FIG. 7 is a diagram showing a structure of a magneto-optical disk according to a second embodiment of the present invention.

8 is a diagram showing the T _b concentration distribution in the film thickness direction of the memory layer of the magneto-optical disk of FIG.

FIG. 9 is a diagram showing the structure of a magneto-optical disk according to a third embodiment of the present invention.

10 is a diagram showing a T _b concentration distribution in the film thickness direction of the memory layer of the magneto-optical disk of FIG.

FIG. 11 is a diagram showing the structure of a magneto-optical disk according to a fourth embodiment of the present invention.

12 is a diagram showing the T _b concentration distribution in the film thickness direction of the memory layer of the magneto-optical disk of FIG.

FIG. 13 is a diagram showing a structure of an example of a conventional magneto-optical disk.

14 is a diagram showing a T _b concentration distribution in the film thickness direction of the memory layer of the magneto-optical disk of FIG.

FIG. 15 is a diagram illustrating the basis for setting the T _b concentration of the memory layer of the magneto-optical disk of FIG. 13 to 19.5 at%.

[Explanation of symbols]

 11 Substrate 12 Underlayer Protection Layer 14 Recording Layer 15 Upper Ground Protection Layer 20, 40, 50, 60 Magneto-Optical Disk 21, 41, 51, 61 Memory Layer

Claims (2)

[Claims] 1. A magneto-optical recording medium having, on a substrate, a memory layer to which information written in a recording layer is transferred and a recording layer to which information is written, wherein the memory layer has a composition in the thickness direction of the layer.
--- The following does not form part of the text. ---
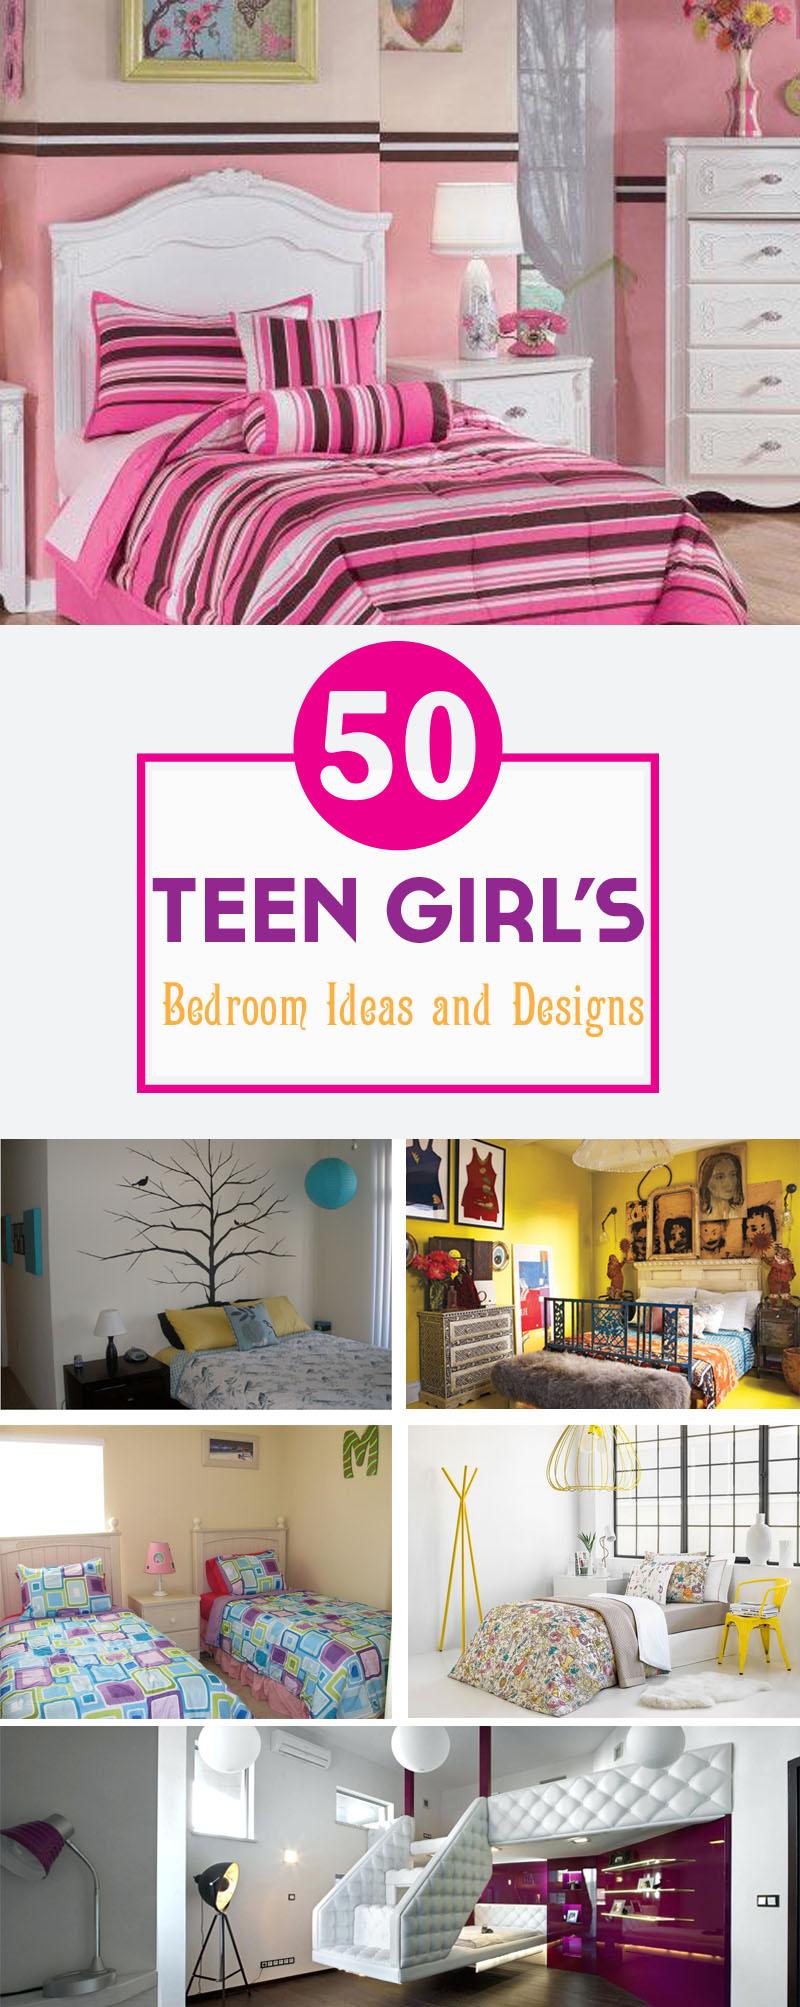 best teen girl's bedroom ideas and designs
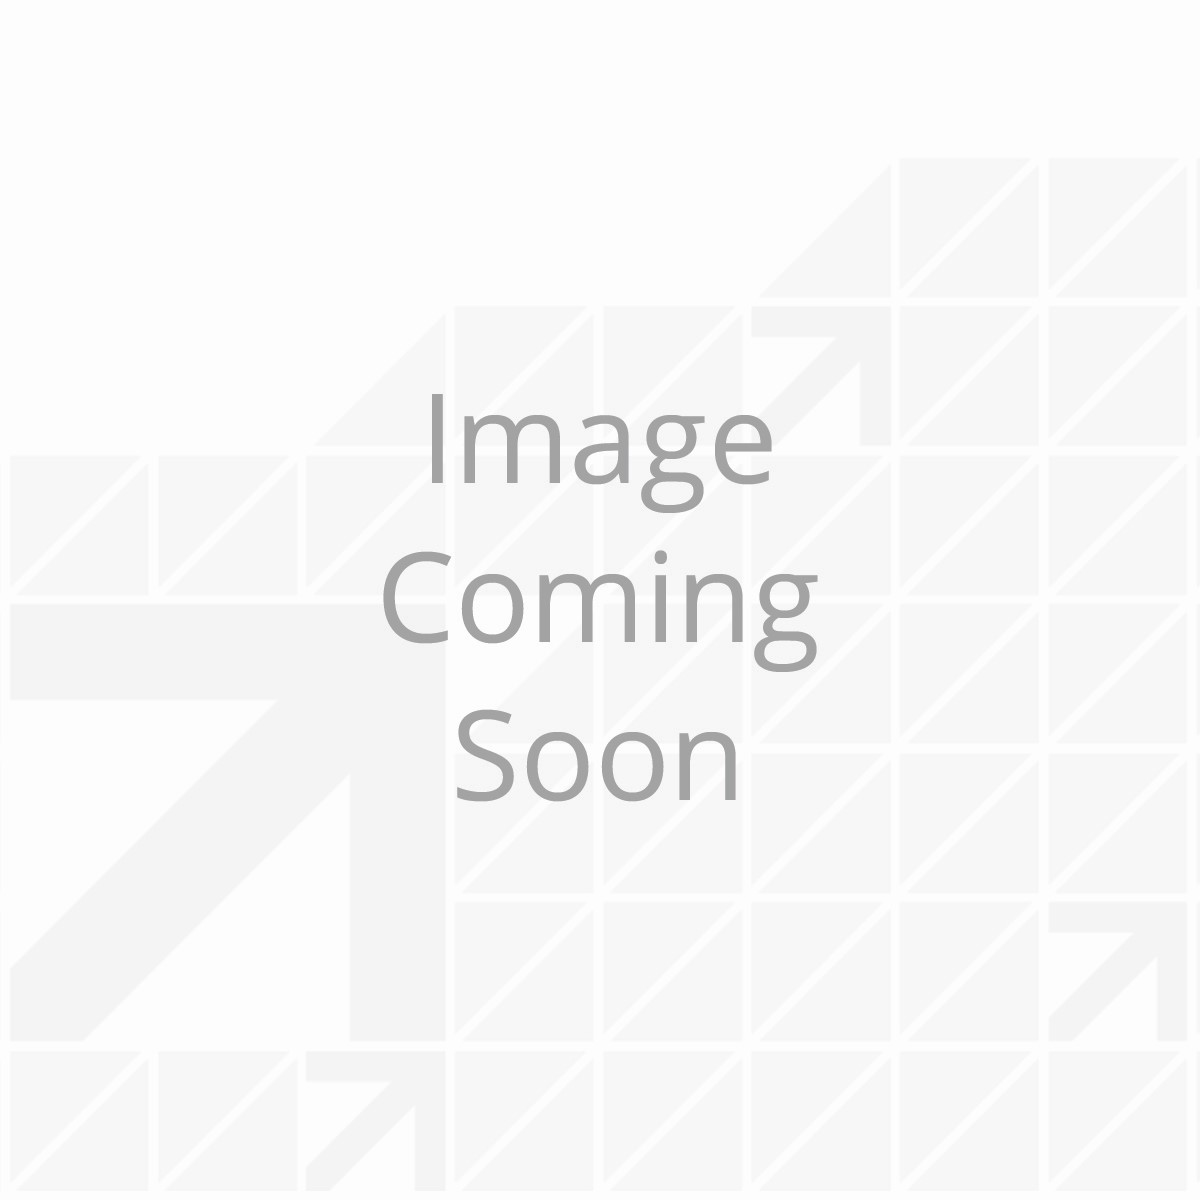 122103_Flange-Nut_001

The concentration of a predetermined component is changed, the substrate side has a composition with a maximum curve rotation angle, and the recording layer side has a composition with the best exchange coupling force with the recording layer. A magneto-optical recording medium having a structure. 2. The memory layer according to claim 1, wherein the substrate side has T
_A magneto-optical recording medium having a composition of _b19 (F _e90 C _o10 ) ₈₁ and having a composition of T _b22 (F _e90 C _o10 ) ₇₈ on the recording layer side.